Маркеллу Маркеллычу хотелось говорить; он открыл рот, но Ефим Сидорыч поднес к его лицу чашку с чаем и прокричал:
– Вы даже чай мне из ненависти жидкий налили! Я поступок Жиленкова одобрил. Я расстрел великого князя одобрил…
– Бодро держался, говорят… – задумчиво глядя на чай Ефима Сидорыча, сказал Маркелл Маркеллыч.
– Жиленков – патриот и офицер, а в Красной армии?.. Какая ему польза?
– Бодро держался при расстреле, – вдруг громко, глядя в лицо Ефиму Сидорычу, сказал адвокат.

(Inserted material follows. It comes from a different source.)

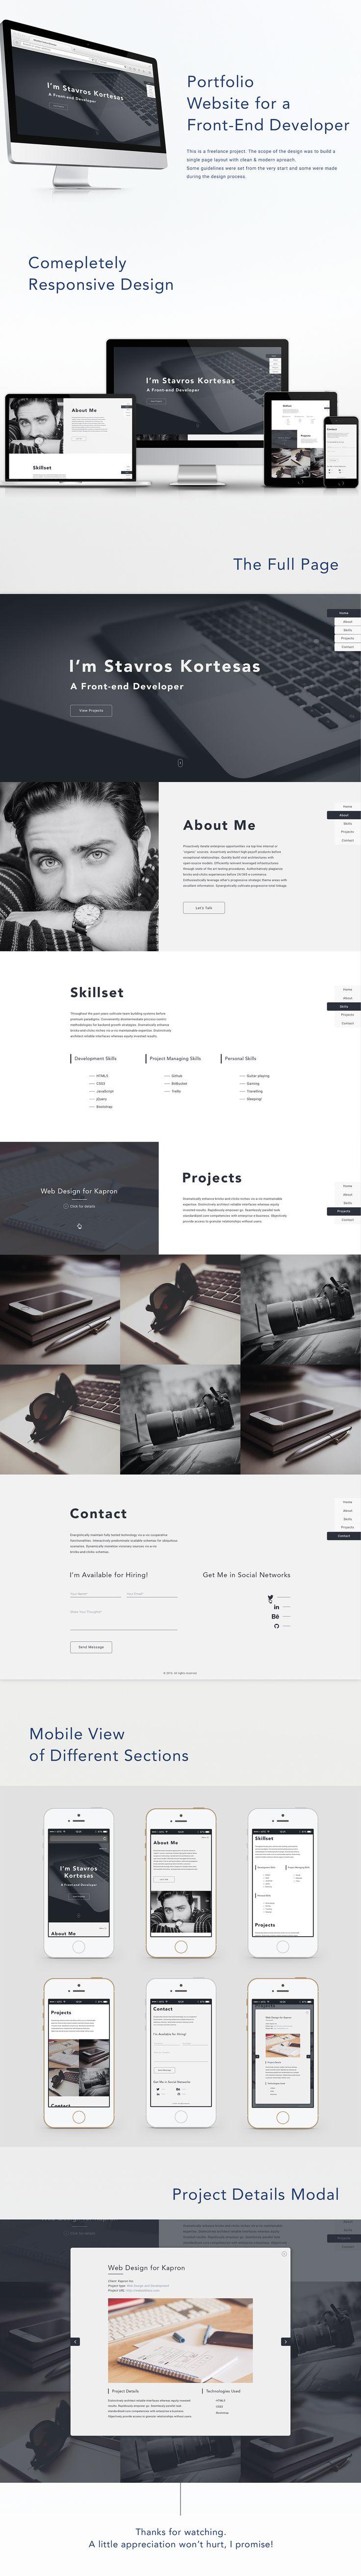 One-Page Portfolio Website for a Front-end Developer on Behance

Ефим Сидорыч растерянно улыбнулся.
– Бог ему судья.
– Бог ли? – завопил адвокат, и лоб у него стал багровый и потный.
Ефим Сидорыч встал, отодвинул чашку и резко сказал:
– Я виноват, каюсь. Старика убили зря. Но и вам, Маркелл Маркеллыч, вашего крика простить я не могу.
И Ефим Сидорыч ушел и от своей невесты, и от своего будущего тестя и, переходя двор, пустынный, некогда наполненный птицей, зерном и навозом, чувствовал в себе огромный стыд и смятение.